About Jourdan Resources
Jourdan Resources Inc. is a Canadian junior mining exploration company trading under the symbol “JOR” on the TSXV and “2JR1” on the Stuttgart Stock Exchange. The Company is focused on the acquisition, exploration, production, and development of mining properties. The Company’s properties are in Quebec, Canada, primarily in the spodumene-bearing pegmatites of the La Corne Batholith, around North American Lithium’s producing Quebec Lithium Mine. This mine is part of Contemporary Amperex Technology Co. Limited (CATL), China’s largest automotive battery manufacturer.
For more information:
www.consolidatedlithium.com
Rene Bharti, Chief Executive Officer and President
Email: info@jourdaninc.com
Phone: (416) 861-5800
Cautionary statements
This press release contains “forward-looking information” within the meaning of applicable Canadian securities legislation. Forward-looking information includes, but is not limited to, statements with respect to the Offering, including the Company’s intended use of net proceeds, and the business, operations and plans of the Company. Generally, forward-looking information can be identified by the use of forward-looking terminology such as “plans”, “expects” or “does not expect”, “is expected”, “budget”, “scheduled”, “estimates”, “forecasts”, “intends”, “anticipates” or “does not anticipate”, or “believes”, or variations of such words and phrases or statements that certain actions, events or results “may”, “could”, “would”, “might” or “will be taken”, “occur” or “be achieved”. Forward-looking information is subject to known and unknown risks, uncertainties and other factors that may cause the actual results, level of activity, performance or achievements of Jourdan to be materially different from those expressed or implied by such forward-looking information, including but not limited to: receipt of necessary approvals; general business, economic, competitive, political and social uncertainties; future prices of minerals; accidents, labour disputes and shortages and other risks of the mining industry. Although Jourdan has attempted to identify important factors that could cause actual results to differ materially from those contained in forward-looking information, there may be other factors that cause results not to be as anticipated, estimated or intended. There can be no assurance that such information will prove to be accurate, as actual results and future events could differ materially from those anticipated in such statements. Accordingly, readers should not place undue reliance on forward-looking information. Jourdan does not undertake to update any forward-looking information, except in accordance with applicable securities laws.

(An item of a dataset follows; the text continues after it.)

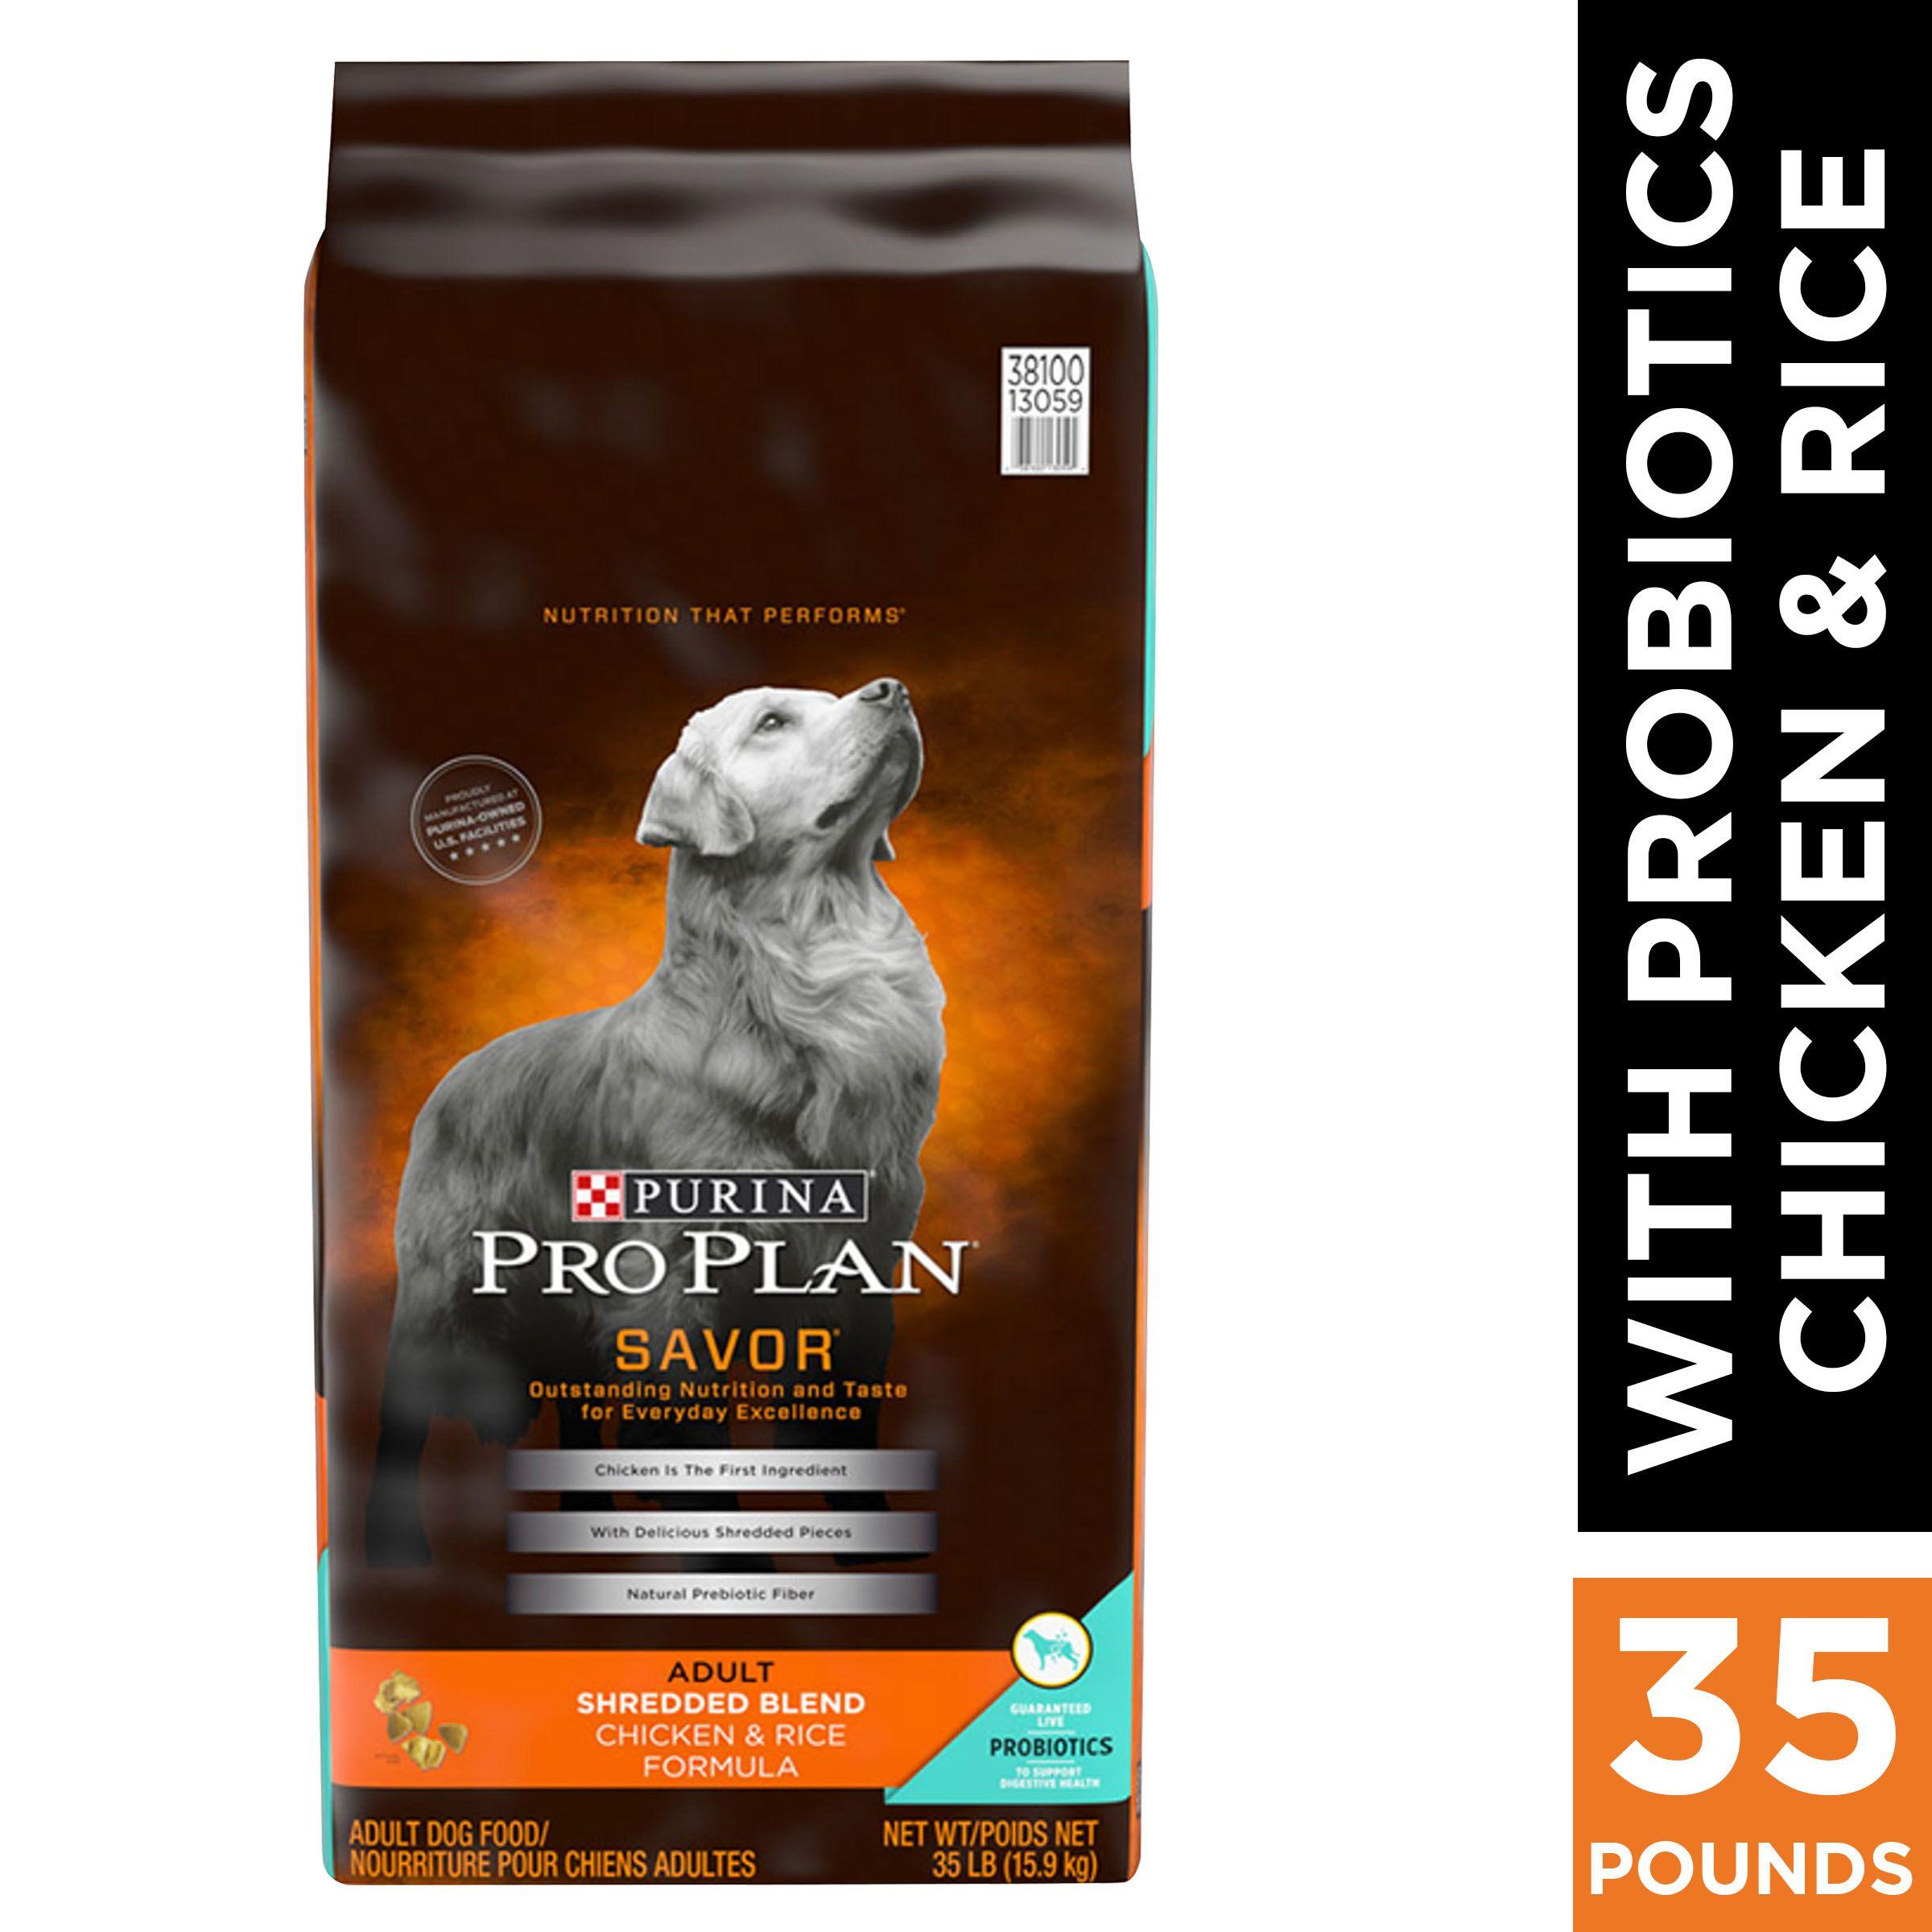 Purina Pro Plan With Probiotics Dry Dog Food Savor Shredded Blend

This news release does not constitute an offer to sell or a solicitation of an offer to buy any of the securities in the United States. The securities have not been and will not be registered under the United States Securities Act of 1933, as amended (the “U.S. Securities Act”) or any state securities laws and may not be offered or sold within the United States or to U.S. Persons unless registered under the U.S. Securities Act and applicable state securities laws or an exemption from such registration is available.